- DATASET EXCERPT
*** Block opens ***
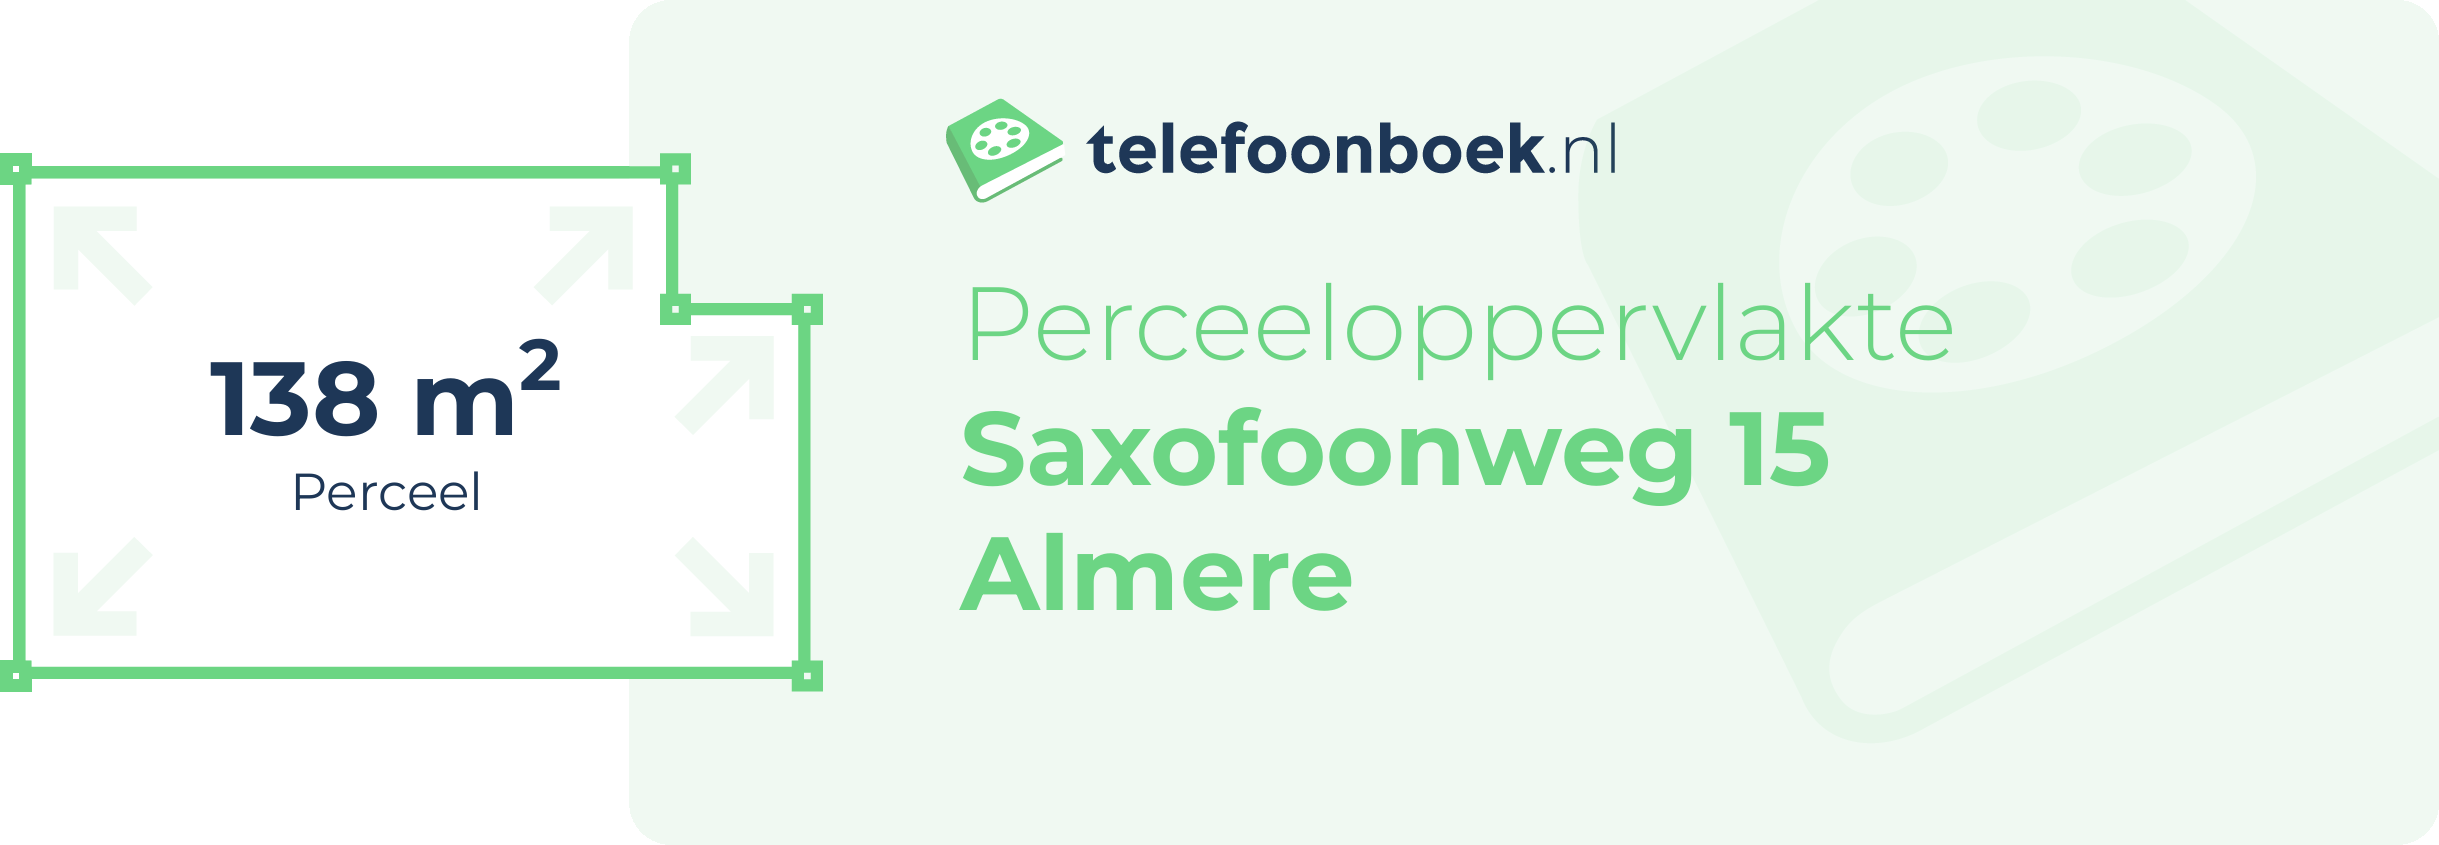 Perceeloppervlakte Saxofoonweg 15 Almere
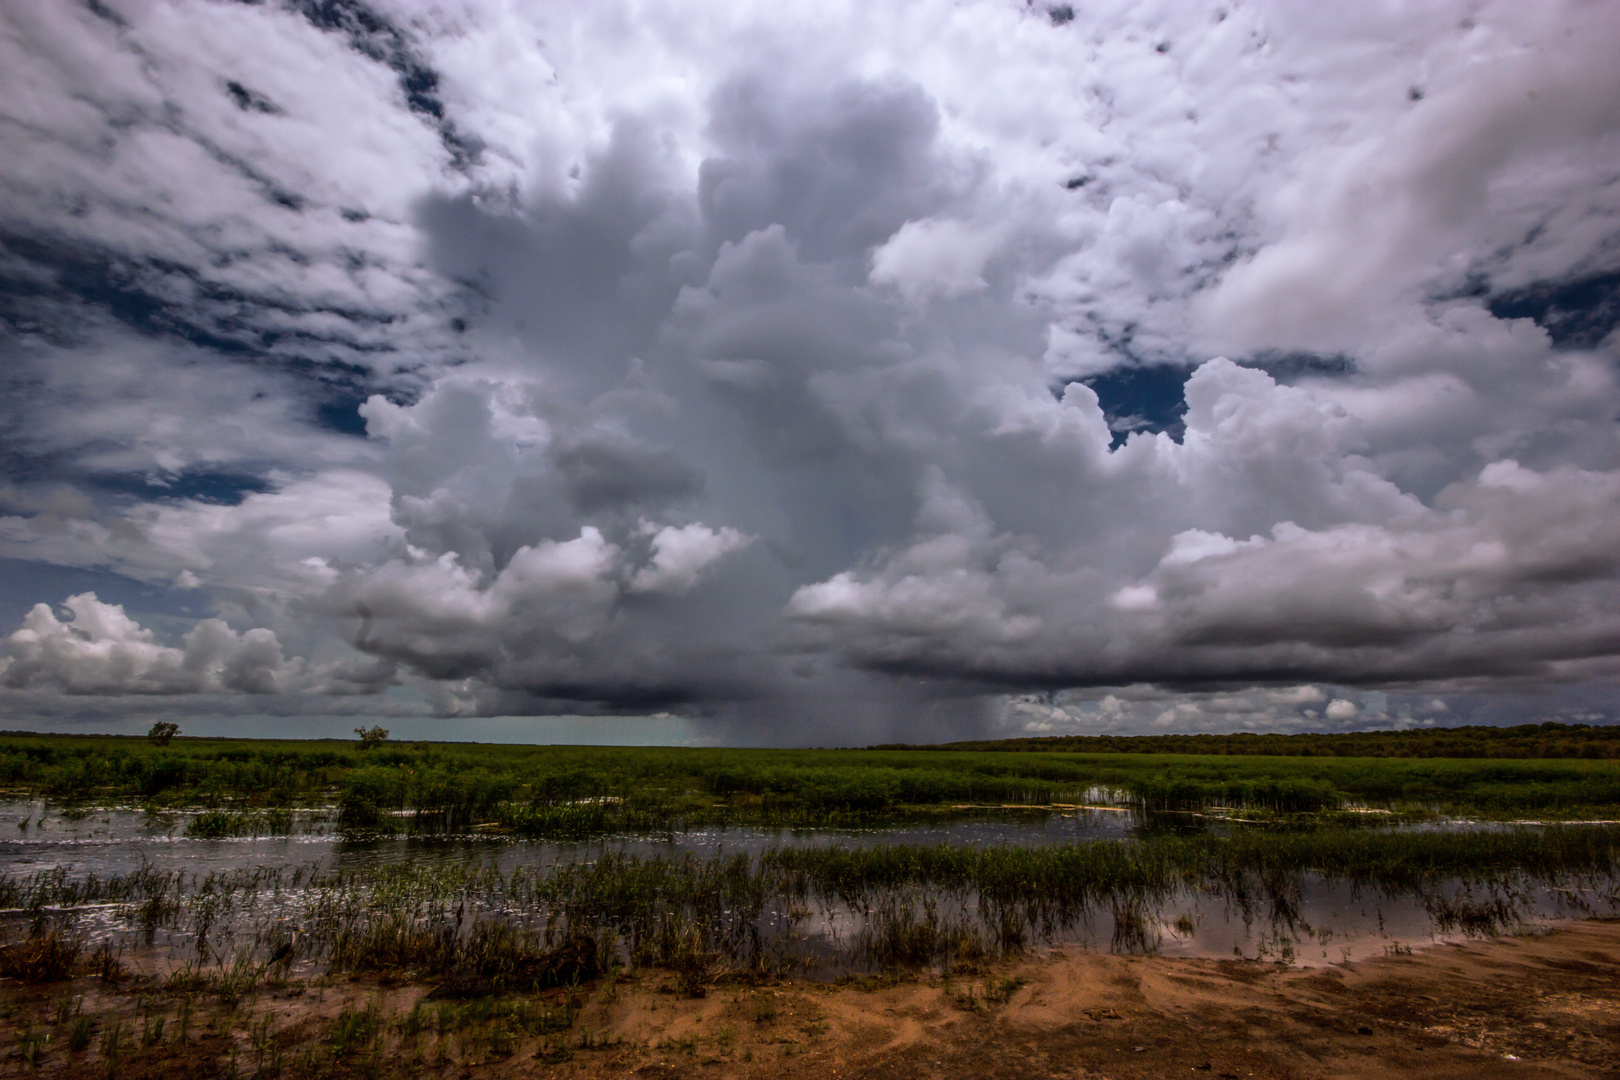 Storm over the Wetlands
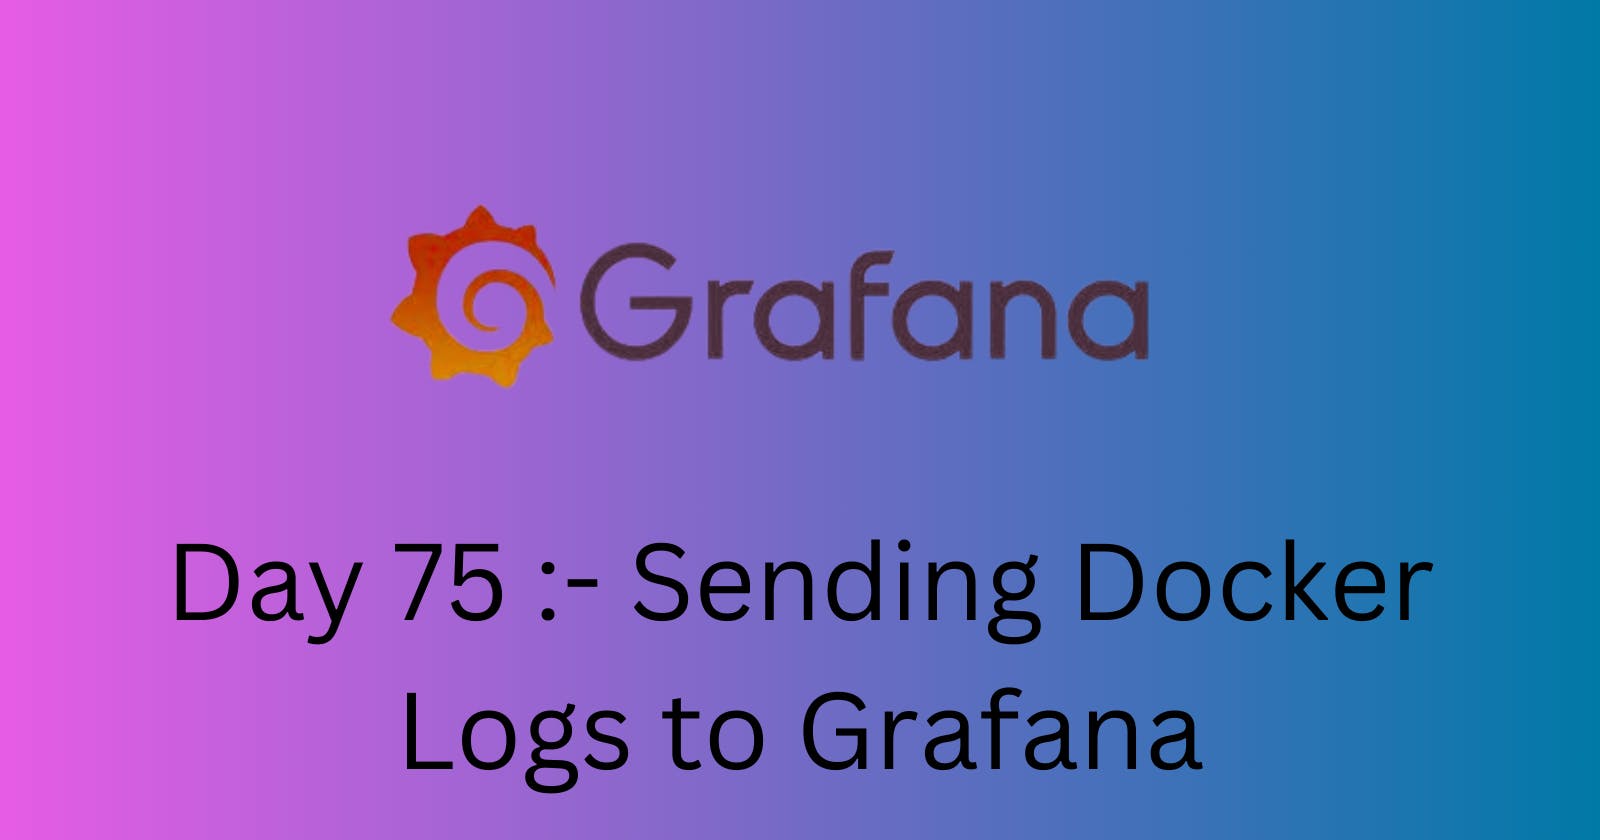 Sending Docker Logs to Grafana
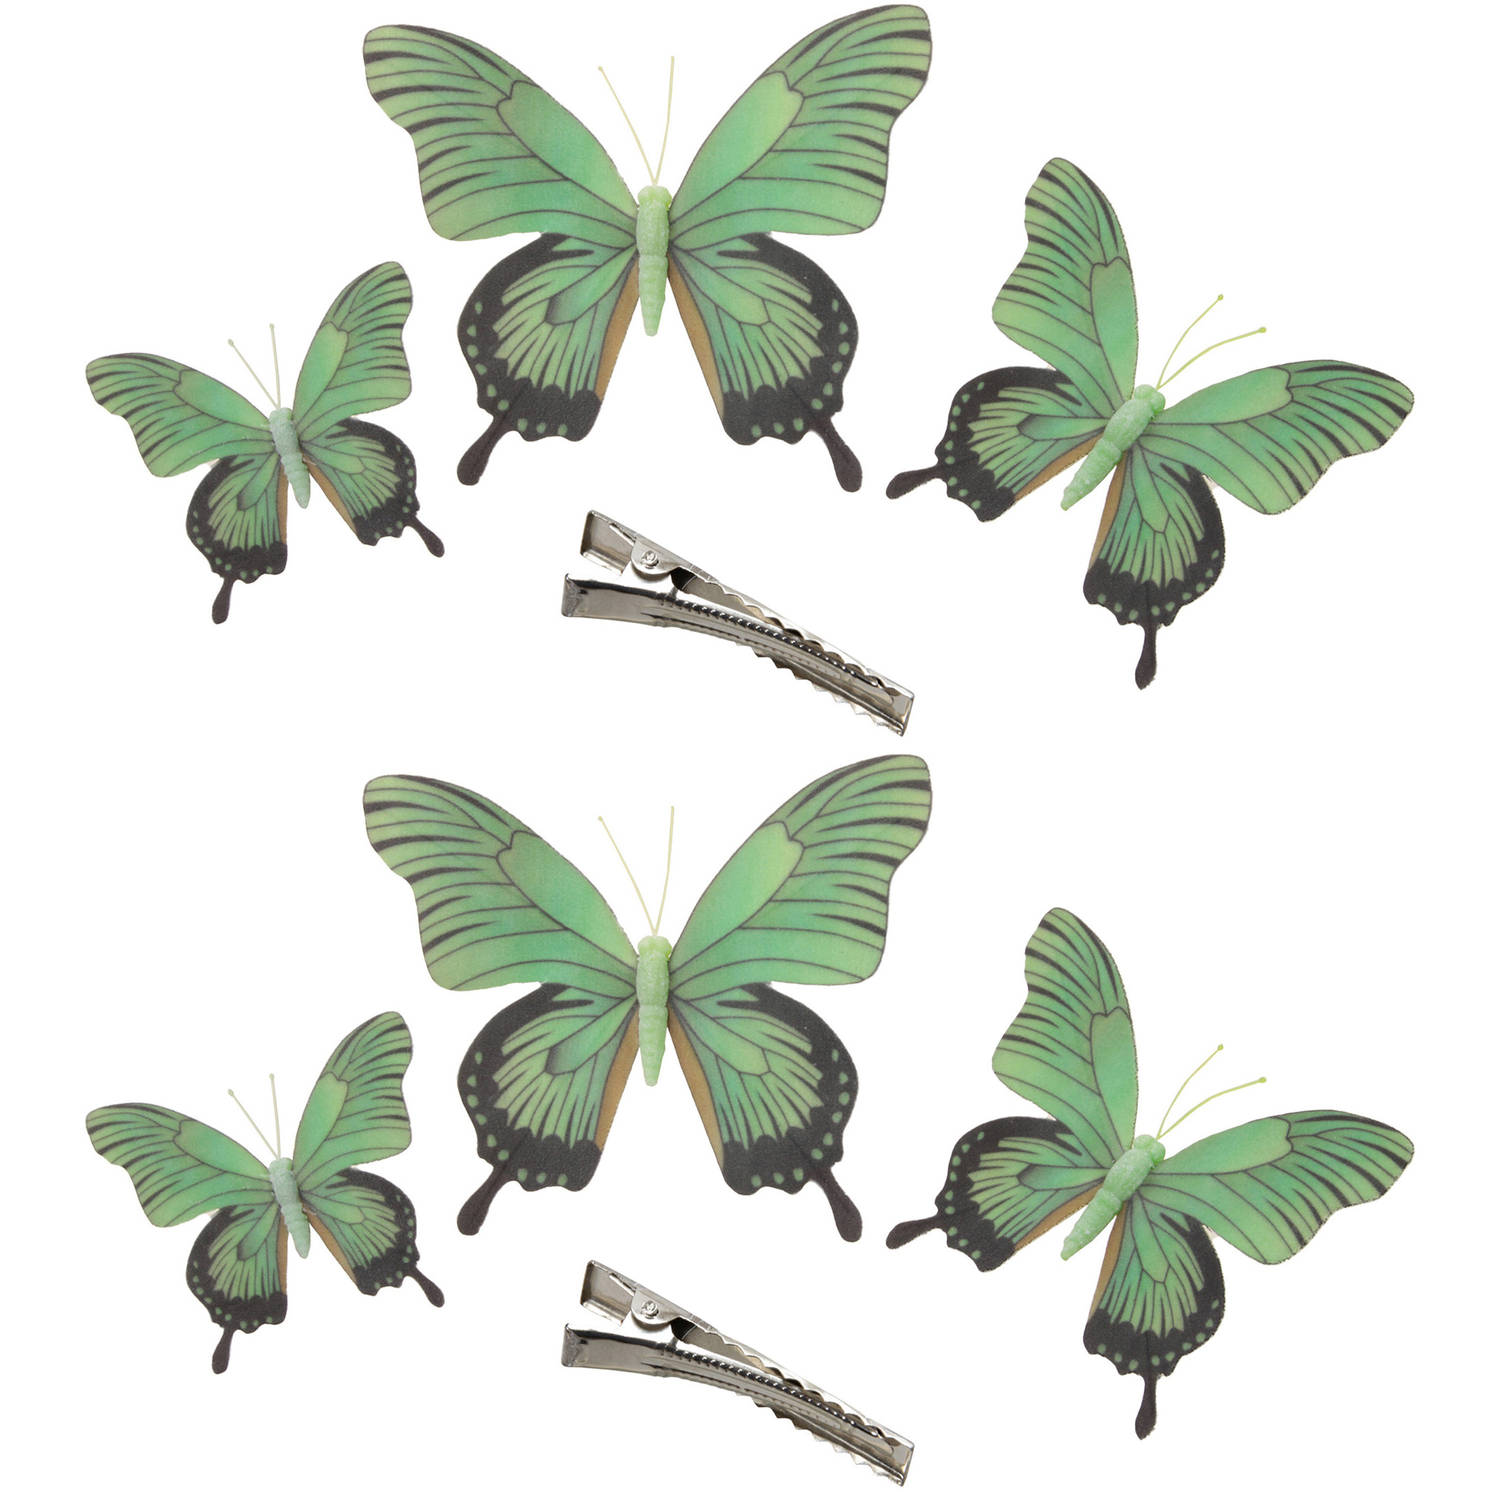 6x Stuks Decoratie Vlinders Op Clip Groen 3 Formaten 12-16-20 Cm Hobbydecoratieobject
*** Block closes ***
- PROBLEM DESCRIPTION
With pictures excluded, the material is to be written out exactly as given.

- RESPONSE TO THE EXERCISE
 Perceeloppervlakte Saxofoonweg 15 Almere
 Storm over the Wetlands
 Sending Docker Logs to Grafana
 6x Stuks Decoratie Vlinders Op Clip Groen 3 Formaten 12-16-20 Cm Hobbydecoratieobject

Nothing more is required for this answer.